High performance of lock-based data structures. 

In this article, we will detail the atomic operations and C++11 memory barriers and the assembler instructions generated by it on x86_64 CPUs.

Next, we’ll show how to speed up the work of contfree_safe_ptr<std::map> up to the level of complex and optimized lock-free data structures that are similar to std::map<> in terms of their functionality, for example: SkipListMap and BronsonAVLTreeMap from libCDS library (Concurrent Data Structures library): https://github.com/khizmax/libcds

And we can get such multi-threaded performance for any of your initially non-thread-safe T-class used as contfree_safe_ptr<T>  –  it is  safe_ptr<T, contention_free_shared_mutex>  class, where contention_free_shared_mutex  is own optimized shared-mutex.

Namely, we will show how to realize your own high-performance contention-free shared-mutex, which almost does not conflict on readings.

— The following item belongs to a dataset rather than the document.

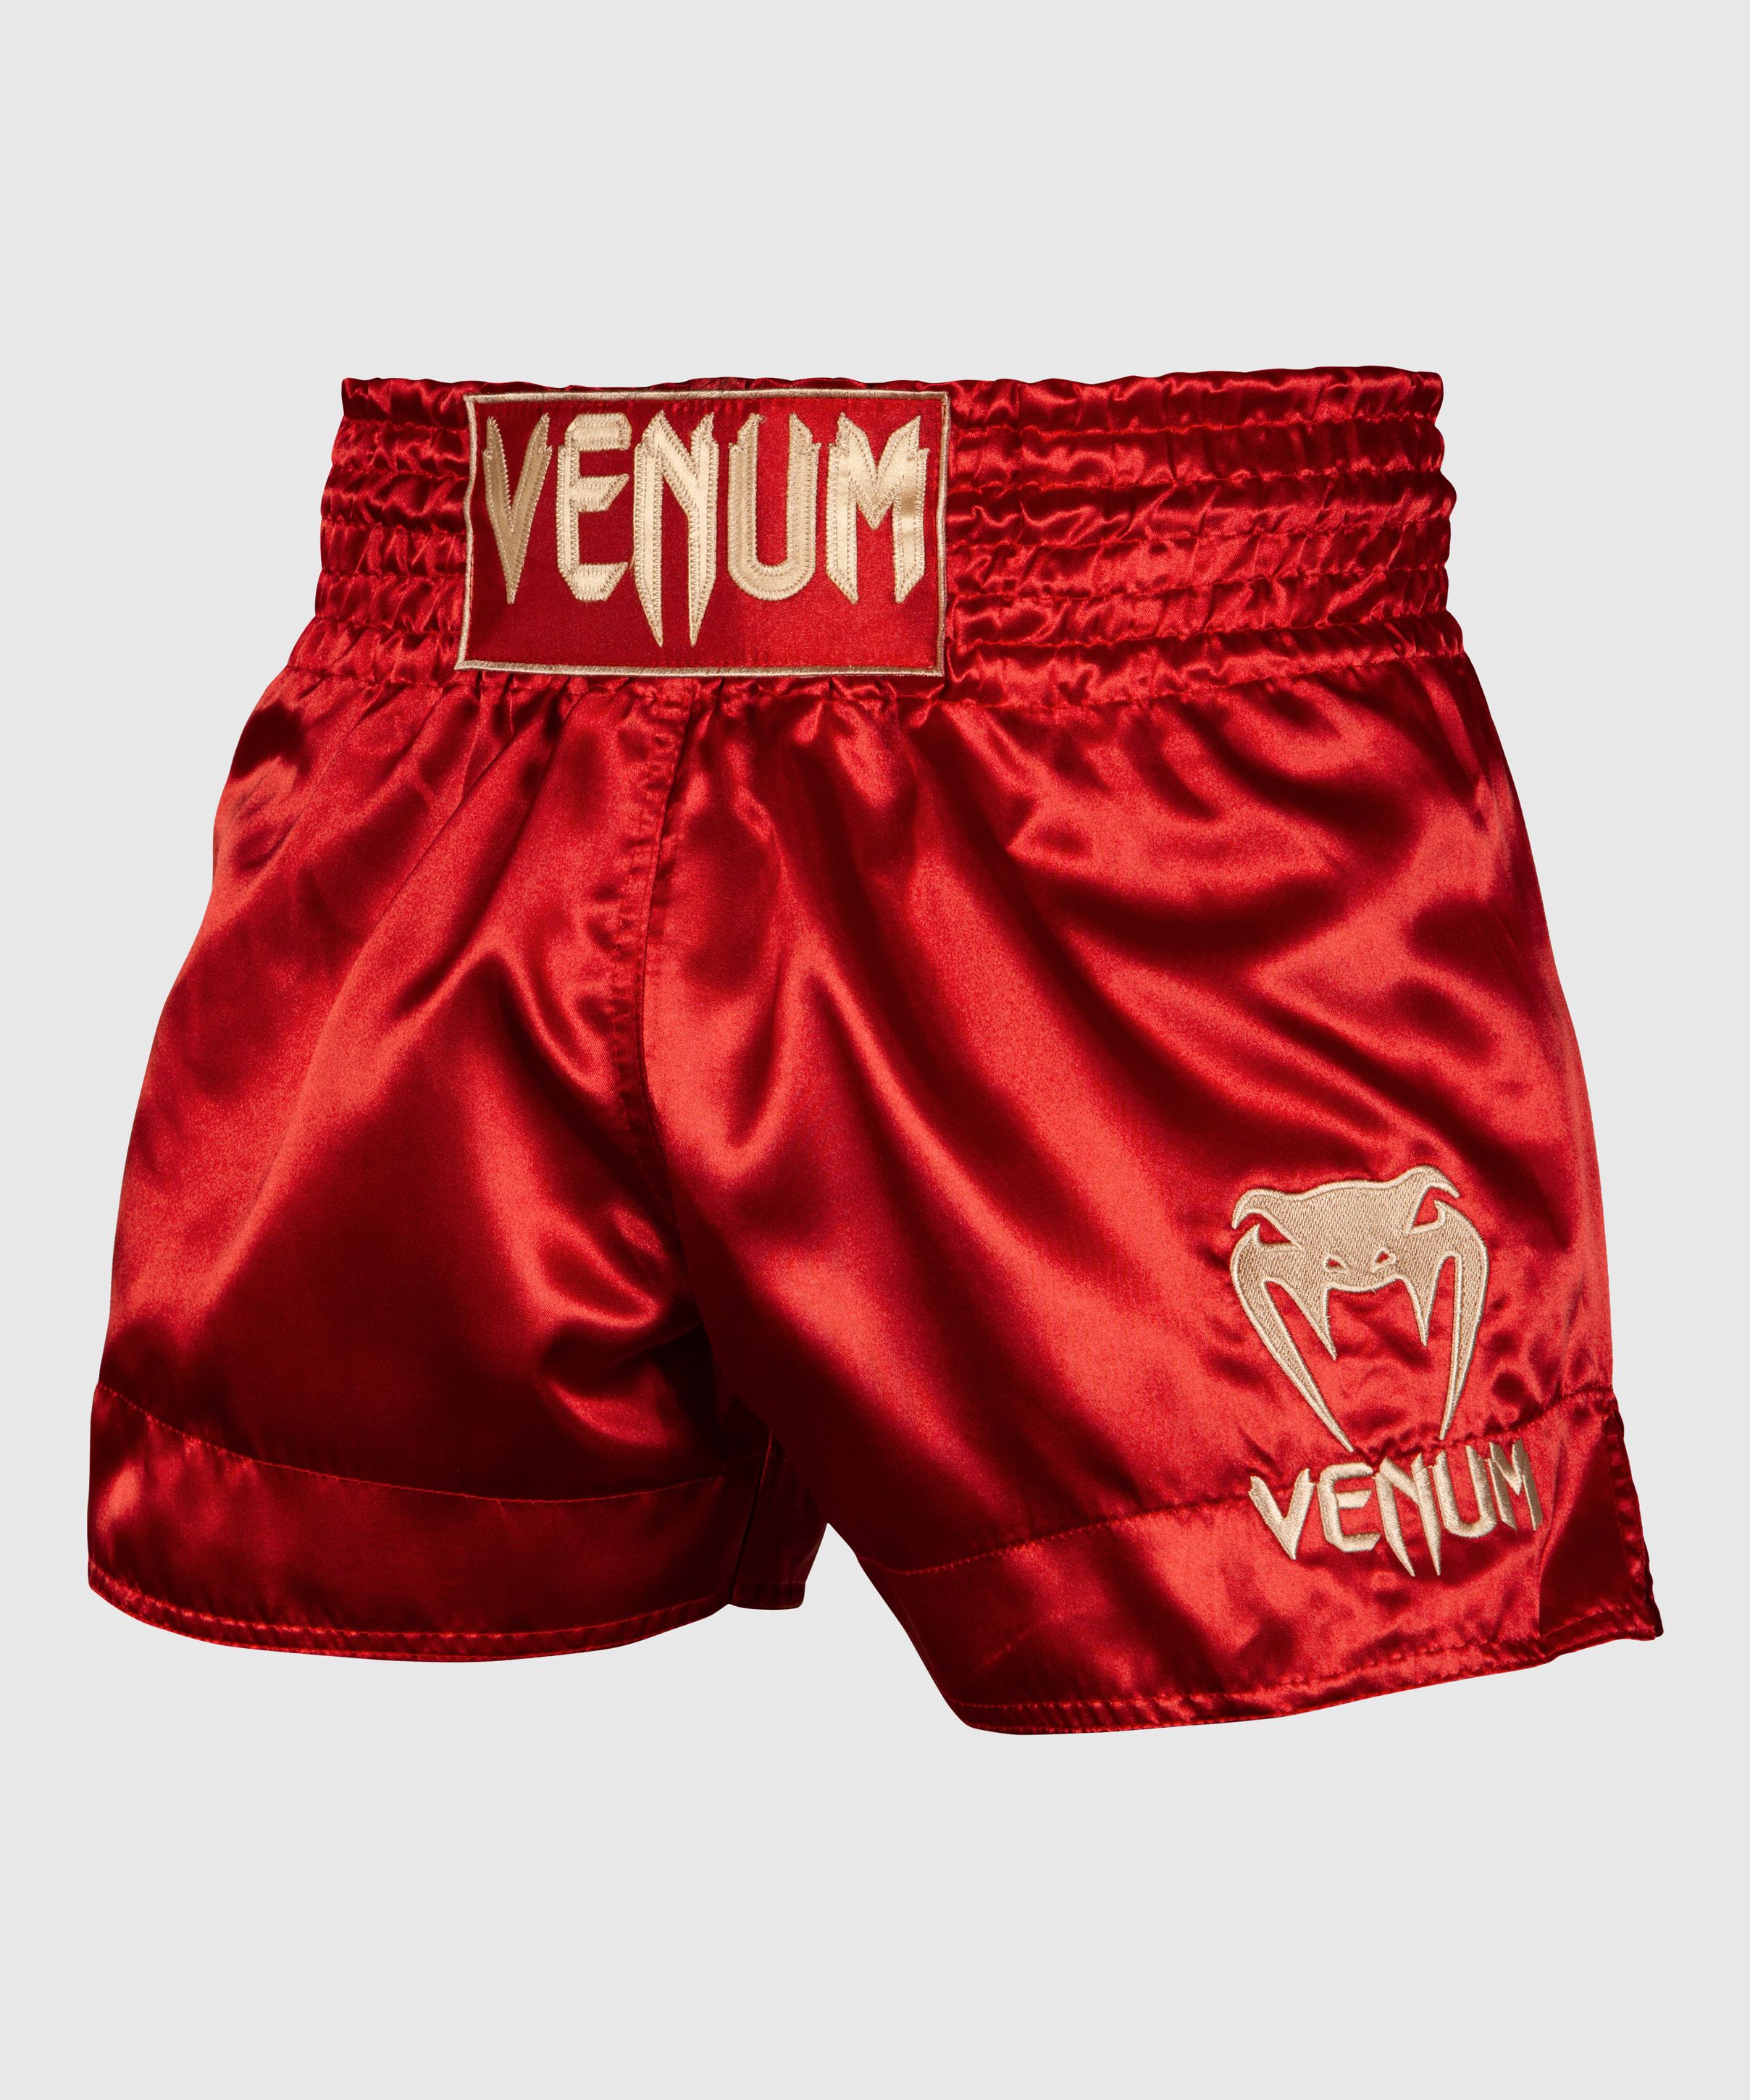 Shorts Muay Thai Venum Classic - Bordeaux/Gold

We implement our own active locks - spinlock and recursive-spinlock - to lock the rows in the update operations. We will create RAII-blocking pointers to avoid the cost of multiple locking. Here are the results of performance tests.

And as «Just for fun» bonus, we will demonstrate the way of realization of our own class of simplified partitioned type partitioned_map, which is even more optimized for multithreading, consisting of several std::map, in analogy with partition table from RDBMS, when the boundaries of each section are known initially.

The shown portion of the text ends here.